To start with there are three basic modifications:

Interest Rate Reduction is the most common and can be temporary or permanent. Many homeowners have an adjustable rate loan, banks will frequently change that to a new low fixed or stepped loan to reduce the payment.

Extension of Time is the next most common form of modification, and most banks will extend to 40 years to reduce your payment.

Principle Balance Reduction is the least common but most beneficial, if you can negotiate this you are serving yourself very well. The Principle reduction is actually reducing the loan amount which allows you to reduce your overall mortgage indebtedness; it also potentially may allow you to at a later date sell your home without having to take the credit hit of a short sale.

Many Banks are willing to do a onetime reinstatement agreement if you are behind on payments. This means the bank takes the amount you are behind and spreads it out over a length of time, averaging 3 to 6 months or rolls it onto the back of the loan in order to bring your loan back into good standing.

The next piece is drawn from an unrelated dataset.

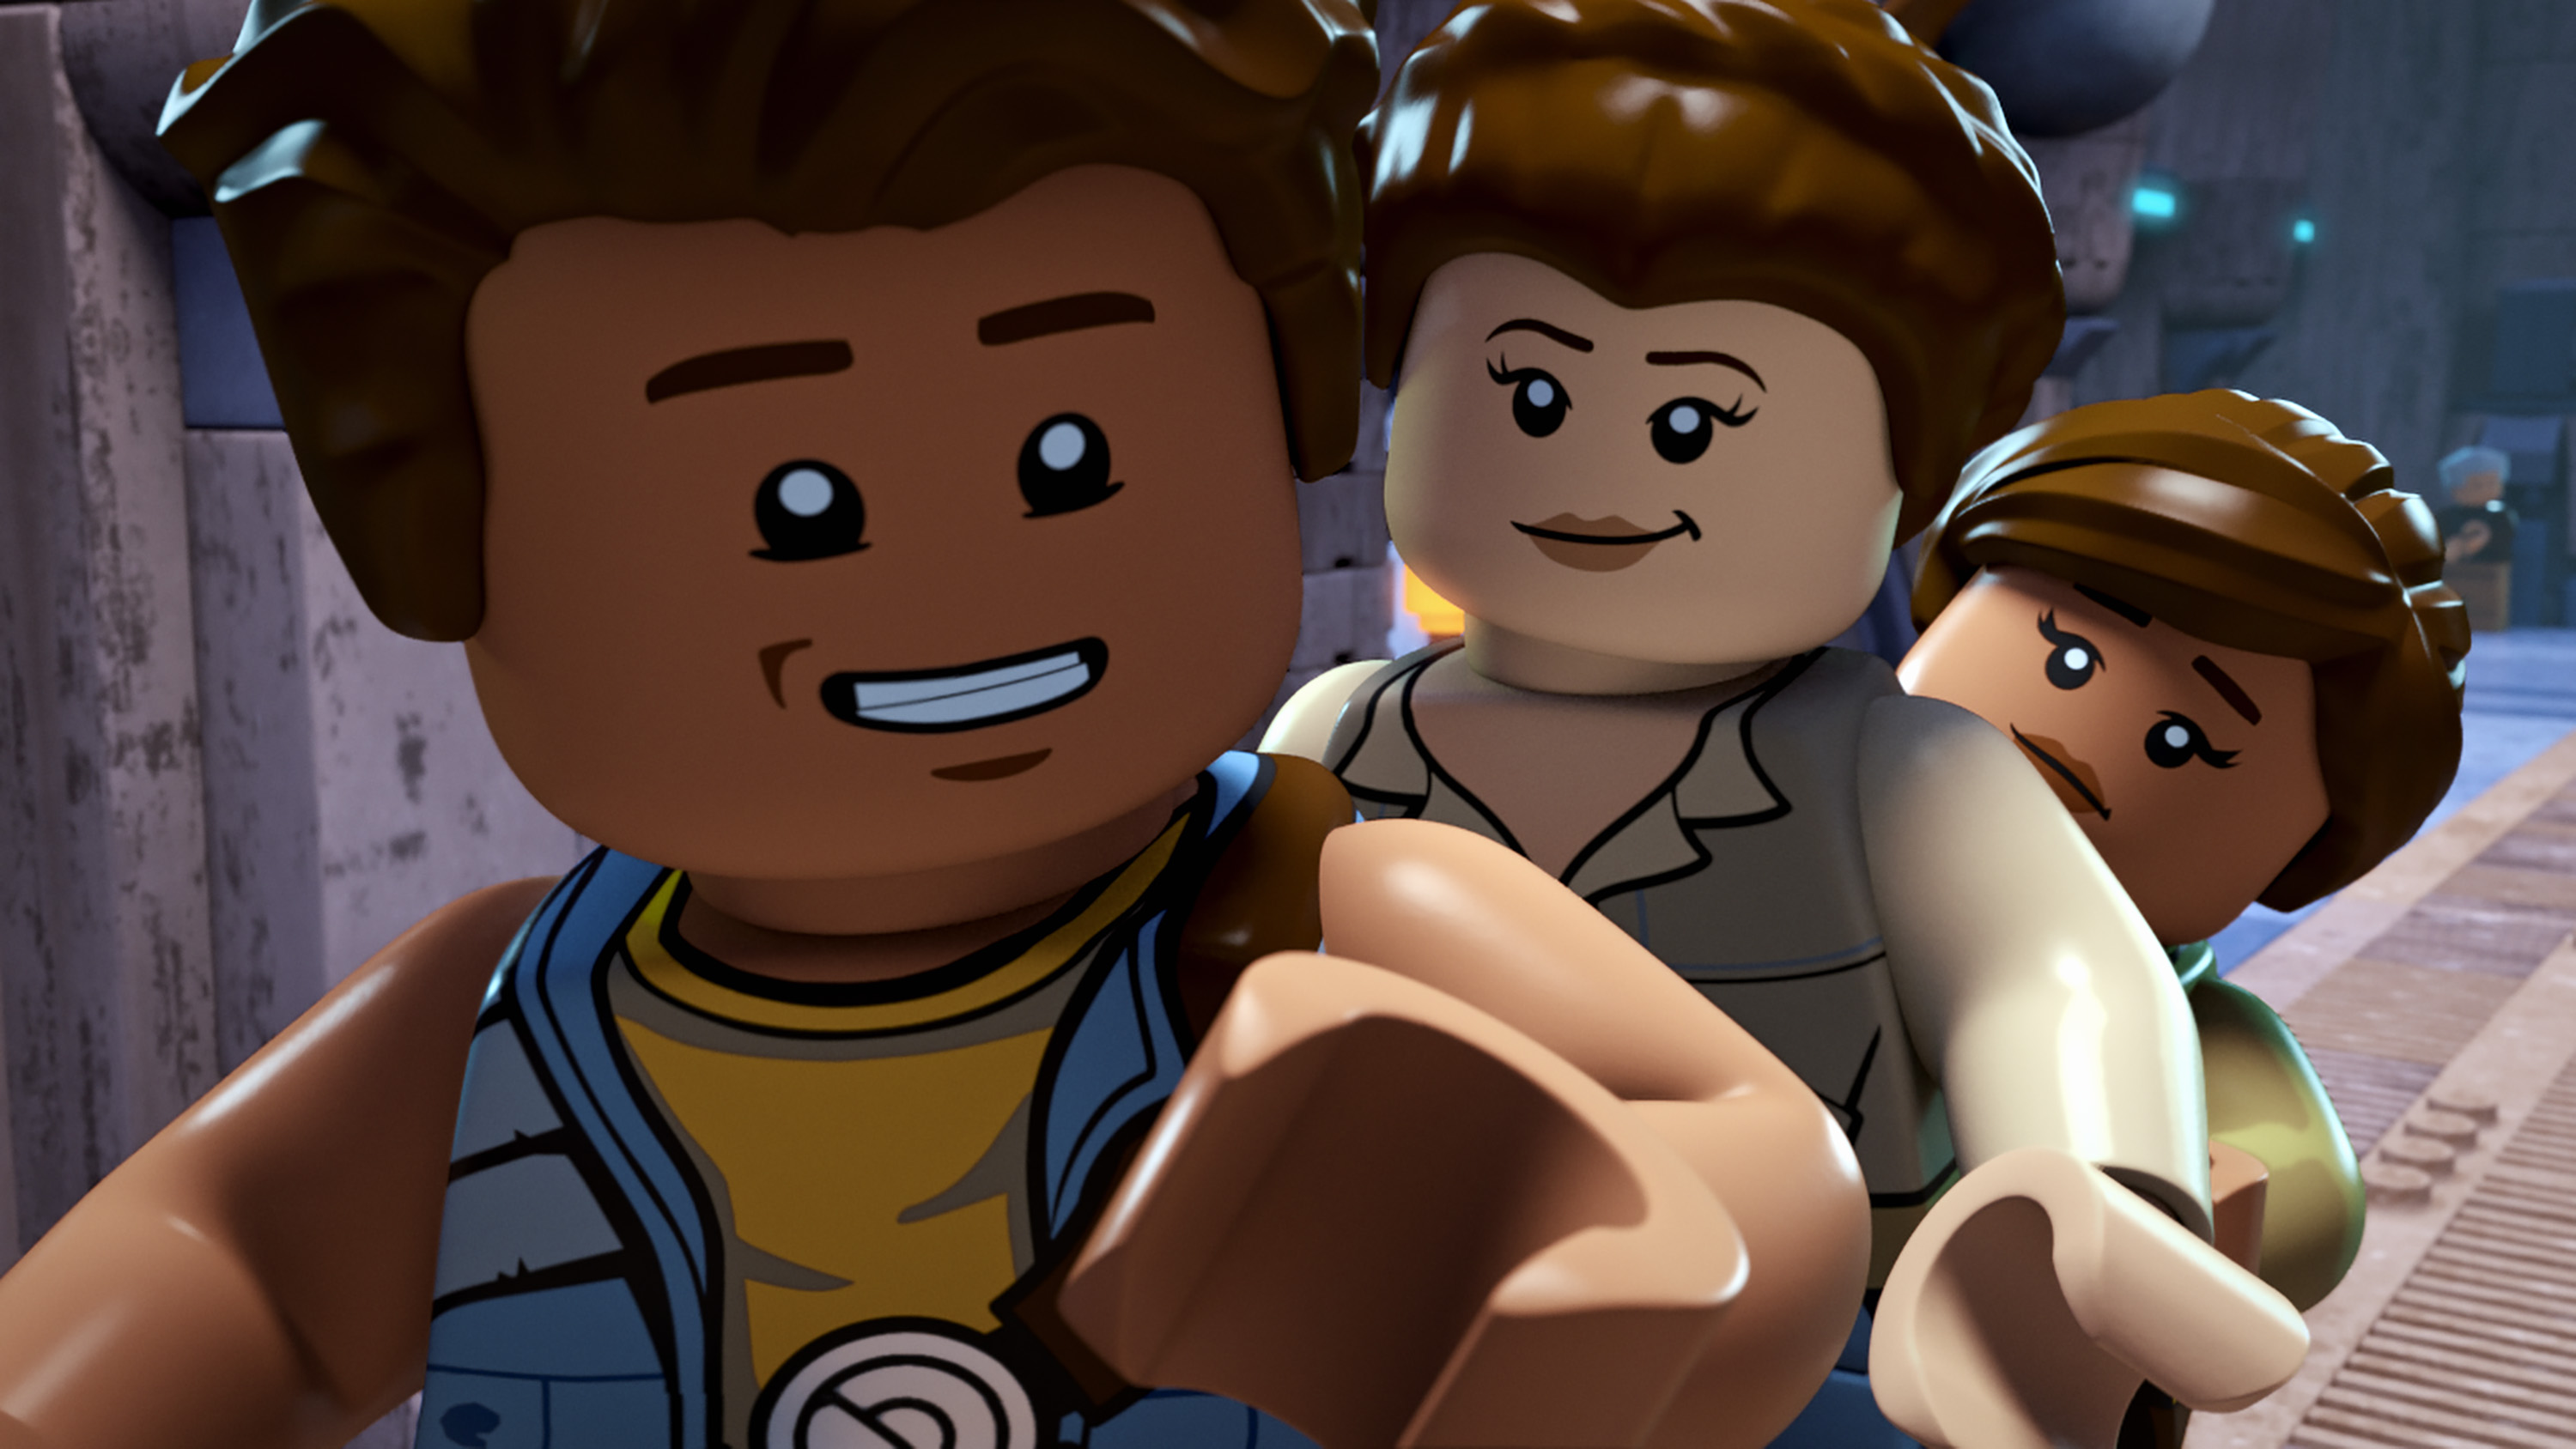 LEGO STAR WARS: THE FREEMAKER ADVENTURES - "Crossing Paths" - While on the run from Imperials, Luke and Leia show the Freemakers the selfless nature of the Force and the Rebellion. This episode of "LEGO Star Wars: The Freemaker Adventures" airs Monday, July 11 (10:00 - 10:30 A.M. EDT) on Disney XD. (Disney XD).

Banks will frequently be willing to grant a modification of a combination of methods to get to a payment you can realistically afford, of course they also take into consideration all of your other debts and whether your spending habits are frivolous or not before they agree to modify your income tax loans near me. Many people who get modifications still end up defaulting to the banks really need to understand that you want to retain your home and that you intend to and can really make the new reduced payment every month without fail. The Bank needs to see that you do indeed have the necessary income; many homeowners make the mistake of trying to show that they are without income for sympathy, but in reality the bank will not modify your loan unless you can verify that you do have the income within your household to make the payment.

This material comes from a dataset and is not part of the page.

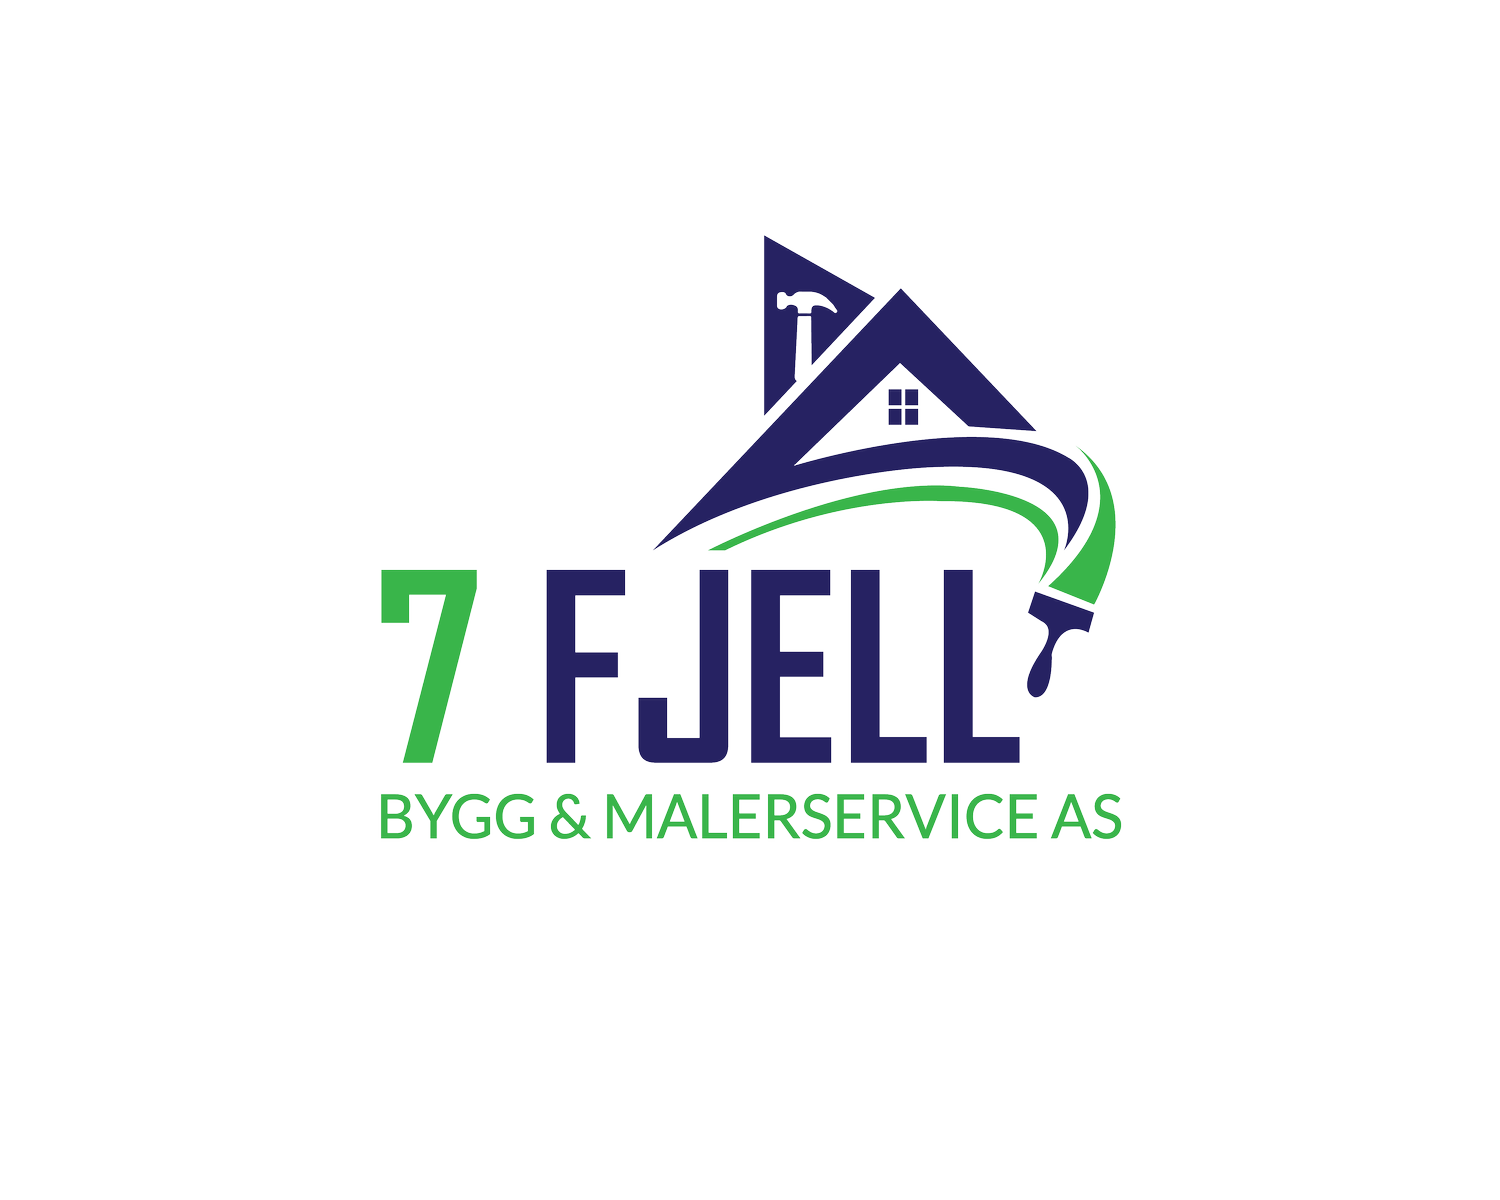 7Fjell Byggservice AS

To get started call your mortgage bank and ask for their mortgage modification package to be mailed to you or visit their website to download, print out and fill in the package. You then need to prepare your income and expense report, (the current administration like to see homeowners at no greater than 38% of their Income for housing so keep that in mind), have your tax returns for 2 years handy, have your Cyberhomes property valuation or market analysis handy and a hardship letter . Now you are ready to call the mortgage modification department and fax, mail or e-mail them your package. You will need to call regularly after you submit it, first to make sure that they are in receipt of your package and then weekly to get a status update. Always take good notes including the name and direct number of the person you talk to, be calm and patient, and don't be afraid to ask for a supervisor though if you feel that you are getting the run around.

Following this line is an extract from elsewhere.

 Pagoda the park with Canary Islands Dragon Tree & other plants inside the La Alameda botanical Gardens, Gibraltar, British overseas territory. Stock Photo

If your bank is completely unwilling to cooperate you can call HUD for help and advice, you can research the mortgage modification company route, and you can consult with an attorney and perhaps hire an attorney to handle it for you. There are number of good ones locally, and usually your lender of realtor will know who they are and the average cost. Good mortgage modification companies do not ask for any money upfront until they verify that you have a case, which means they have taken in your information and verified that there are RESPA or TILA violations through a forensic audit of your original loan file (yes you will need all the original documents for this and or sufficient hardship to make a viable case for reduction. In order to get a principle reduction you will likely need an attorney based company. Also make sure that your payment goes into an escrow account and is used incrementally as the case goes forward so that if you decide to cancel you get your remainder balance refunded.

If all else fails, please talk to your realtor and try the short sale route before you walk away and become another foreclosure statistic. There is more information about various programs and where to get help available at financialstability.gov.